Medalist Golf Club
- Interactive map of Medalist Golf Club

Club information
- Location: Hobe Sound, Florida
- Established: 1995
- Type: Private
- Total holes: 18

Medalist
- Designed by: Pete Dye & Greg Norman
- Par: 72
- Length: 7,571 yards
- Course rating: 77.9
- Slope rating: 155

= Medalist Golf Club =

Golf course in Hobe Sound, Florida

Medalist Golf Club is an 18-hole golf course in Hobe Sound, Florida. The course was originally designed by Pete Dye and Greg Norman with renovations to the course being made in 2015 by Bobby Weed and MacCurrach Golf Construction, Inc. Medalist is considered the home club to Norman and Tiger Woods. In 2013, Palm Beach Post reported that over 20 PGA Tour and LPGA Tour players were members at the club.

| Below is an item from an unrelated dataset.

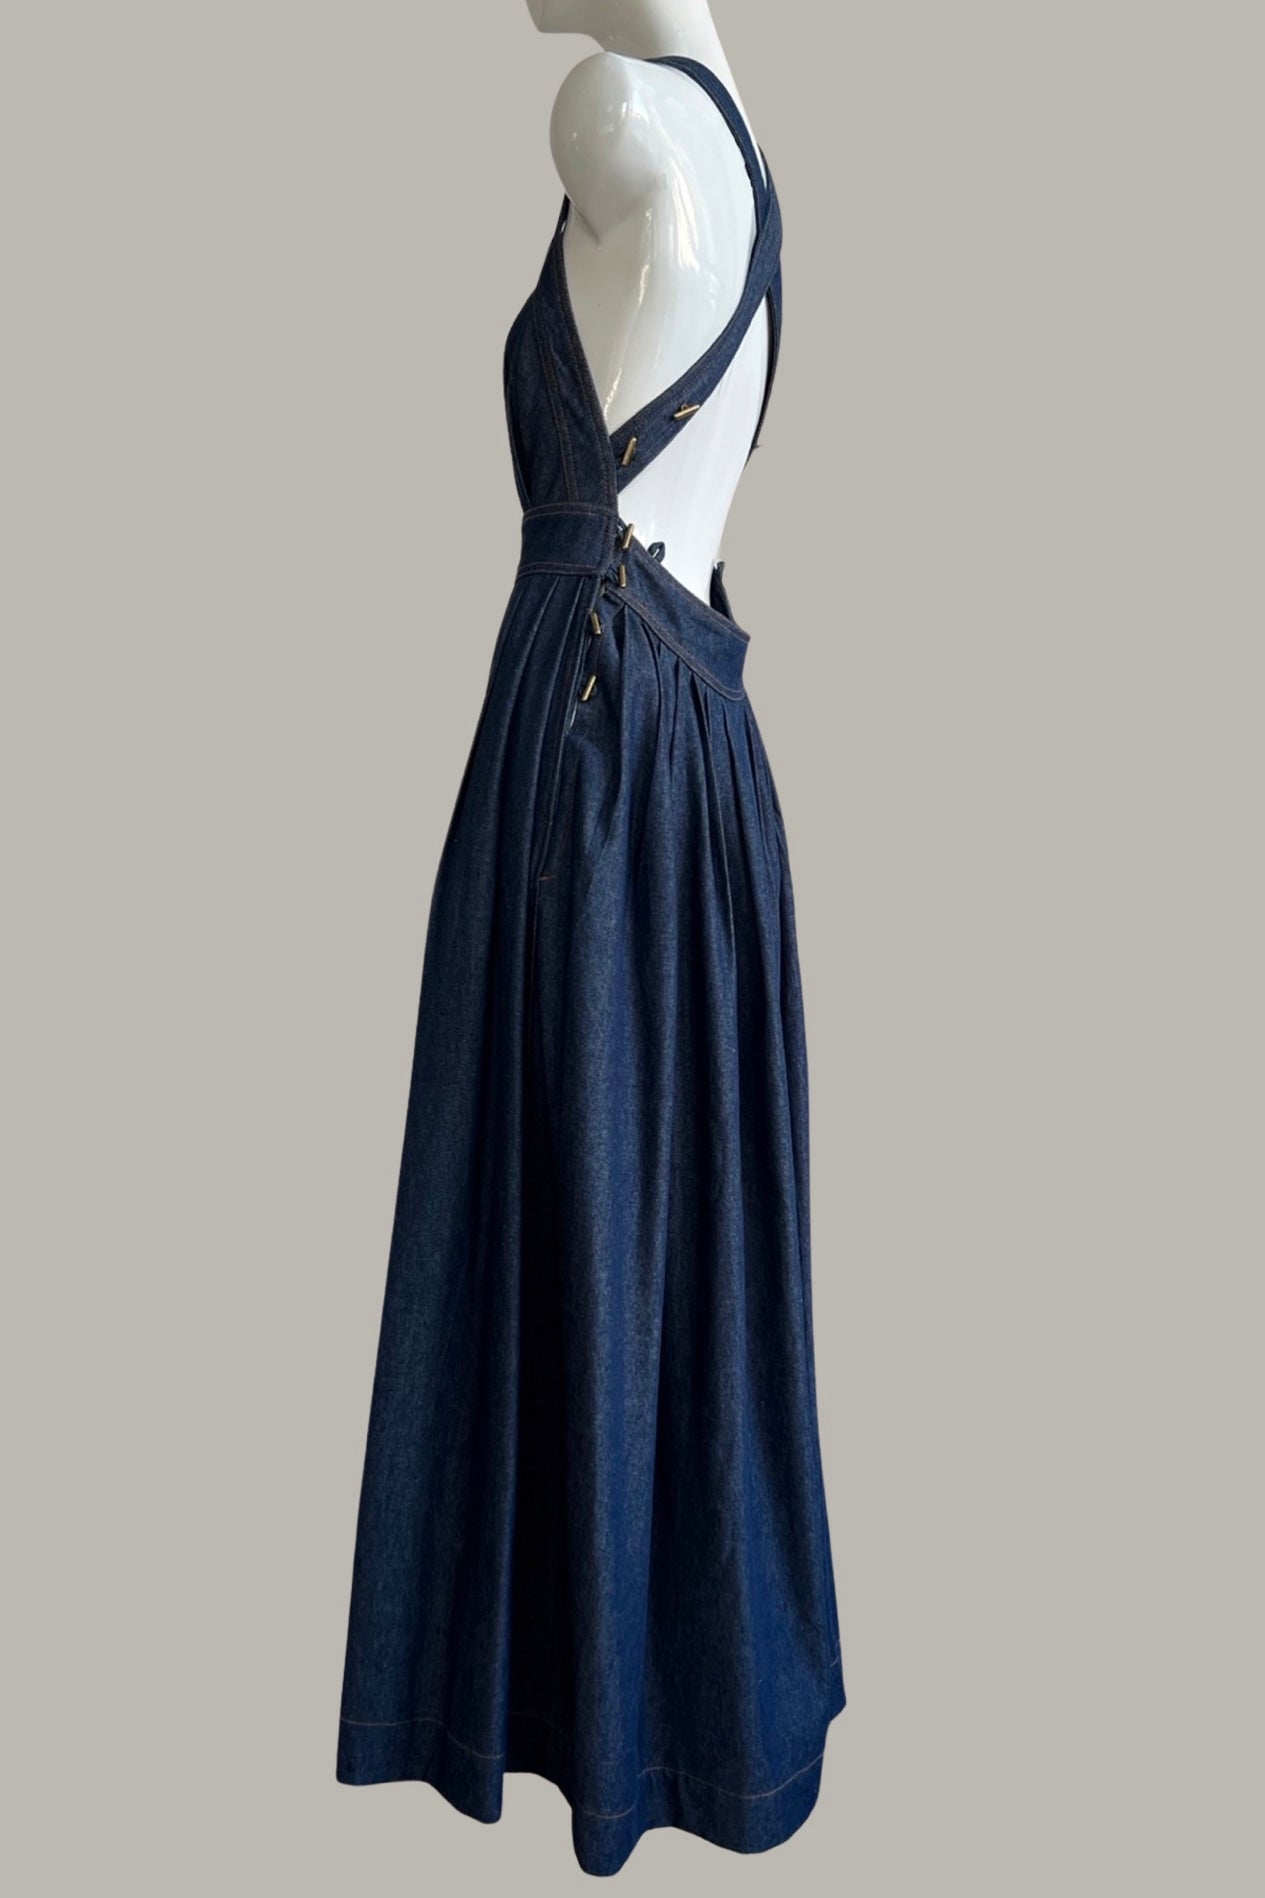 Traveling Pinafore Dress Long Version in Indigo Denim {Made to Order}

On May 24, 2020, Medalist hosted the teams of Woods & Peyton Manning and Phil Mickelson & Tom Brady in The Match: Champions for Charity, a scramble match-play competition during the COVID-19 pandemic. Despite never trailing, Manning/Woods won the match on the final hole after Brady/Mickelson made a comeback on the back nine. According to Turner Sports, the event attracted nearly six million viewers making it the most watched cable golfing event in history.